The mission was undertaken by the Dutch section of the Inter-Allied Services Department (later known as NEFIS). Its aim was to establish a coast-watching station in the hills above Hollandia in Dutch New Guinea, recently occupied by the Japanese. It ran in conjunction with Operation Locust, which would focus on observation in New Guinea.
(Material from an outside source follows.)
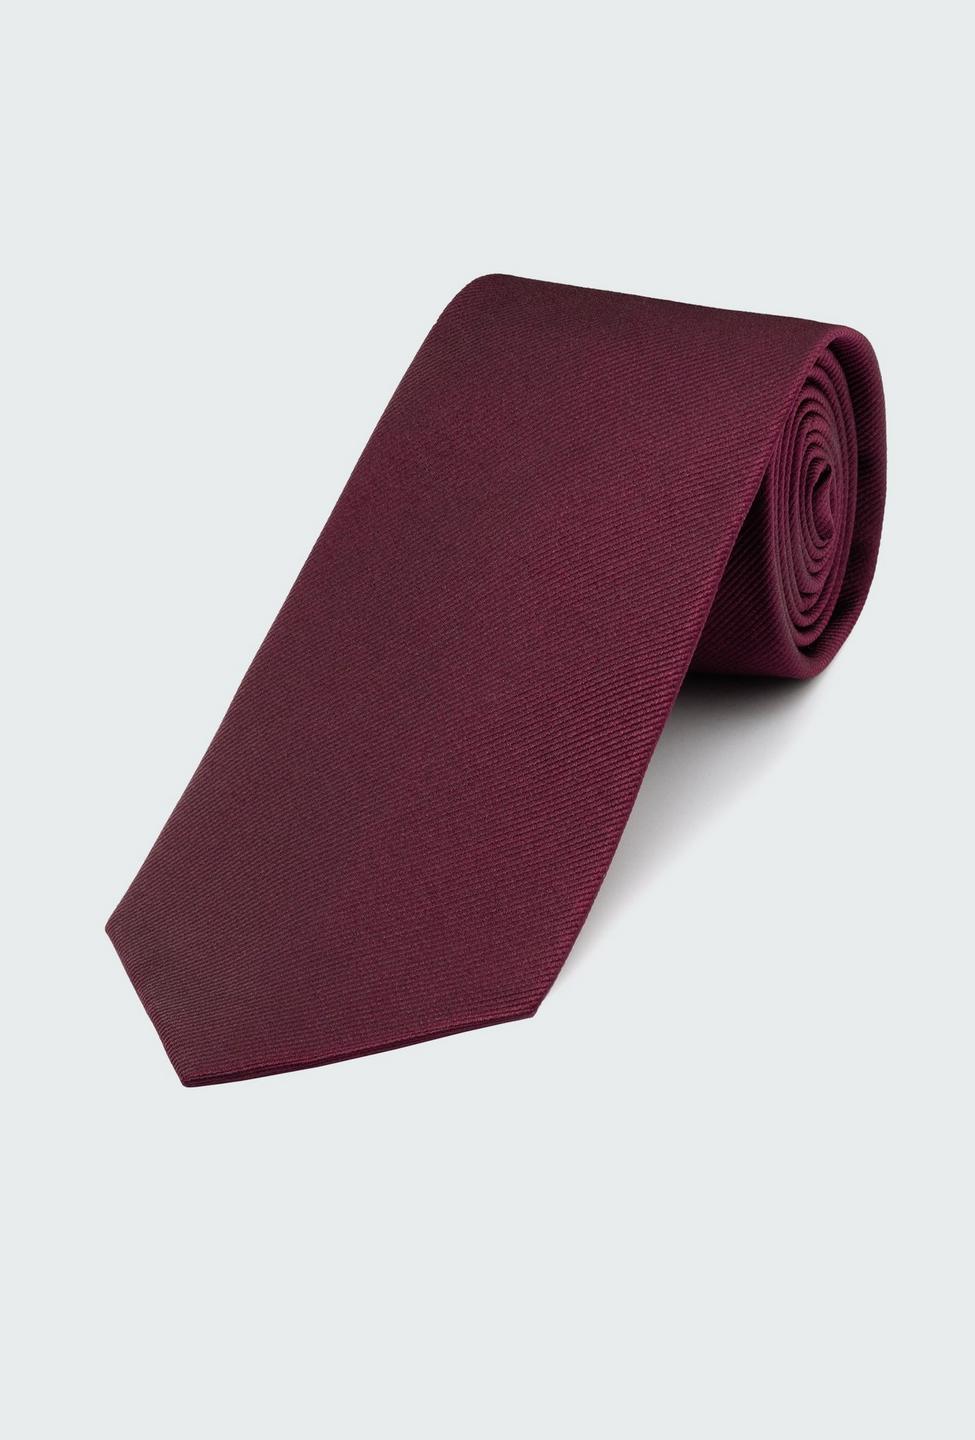 Red tie - Solid Design from Indochino Collection

The team consisted of Sergeant H.N. Staverman, Corporal D.J. Topman, two Dutch East Indies (Indonesian) privates, H. Pattiwal and M. Reharing, and radio operator Sergeant Len Siffleet, an Australian of Dutch descent.

In February 1943 the Locust and Whiting teams flew to Bena Bena and began a trek through the jungle to Aitape on the New Guinea coast. They reached Lumi airstrip on 14 June 1943, having travelled over 500 miles by foot and 230 miles by boat. On 9 July the Whiting party separated and headed off to Hollandia with 66 native carriers.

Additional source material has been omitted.